Chronic myeloid leukemia: see what is known about the disease

The incidence of chronic myeloid leukemia (CML) is one to two cases per 100,000 people per year, corresponding to 15% of leukemias in adults.

The preferred age range is between 45 and 55 years, although it can occur, more rarely, in the elderly, children and adolescents.

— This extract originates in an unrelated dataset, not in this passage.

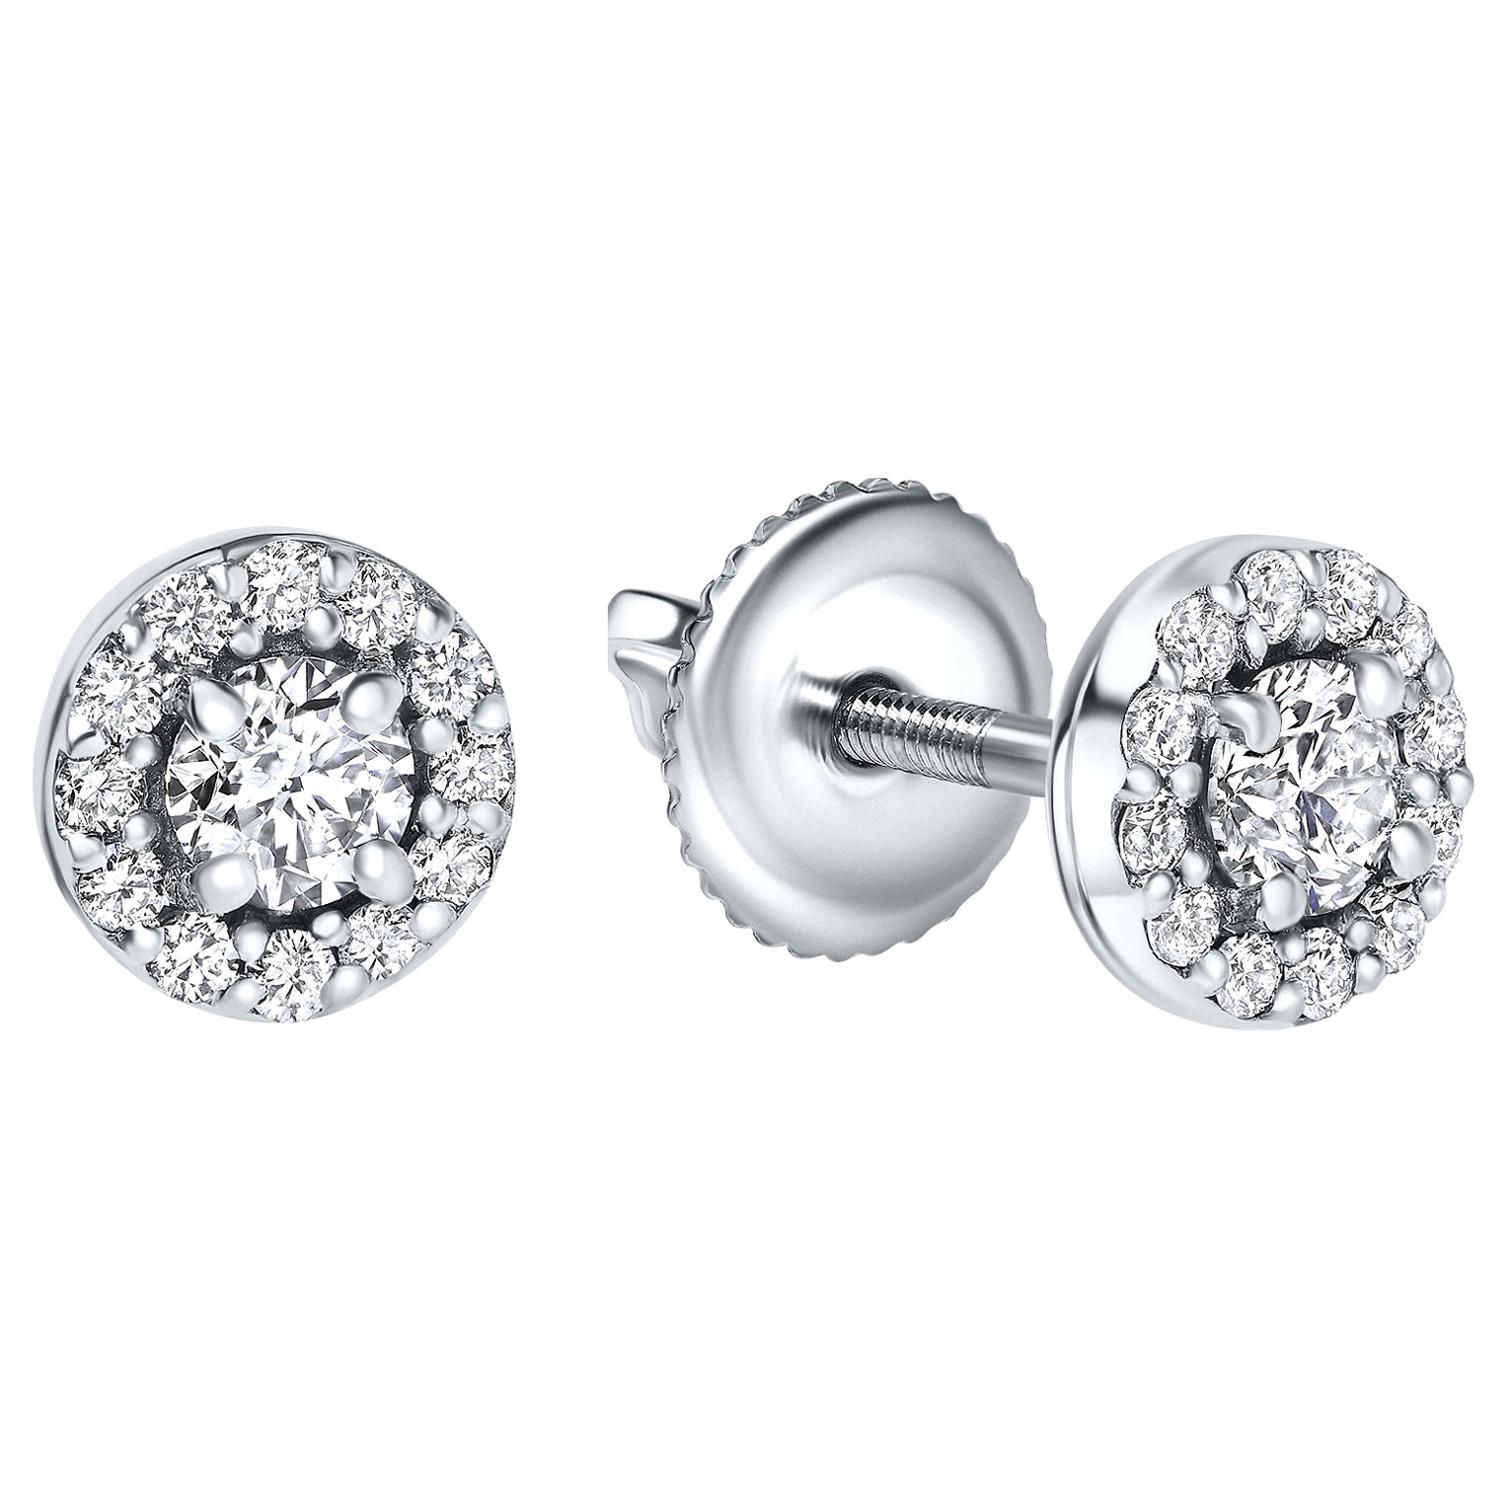 0.38 Carat Diamond Mini Halo Earrings in 14 Karat White Gold - Shlomit Rogel For Sale

Classically, CML manifested itself in three consecutive phases:

  • the chronic phase in which the patient remains clinically and laboratory stable for 3 to 5 years;
  • the accelerated phase generally characterized by one or more of the following findings: significant enlargement of the spleen, presence of more than 15% blasts, more than 20% basophils, and thrombocytopenia; and
  • the call blast crisis an exacerbation of leukemia that is difficult to control with treatment. This phase is characterized by the presence of 30% blasts or extramedullary leukemic infiltration. Depending on the nature of the blast cells, the exacerbation may be lymphoid (30% of cases) or myeloid (70% of cases).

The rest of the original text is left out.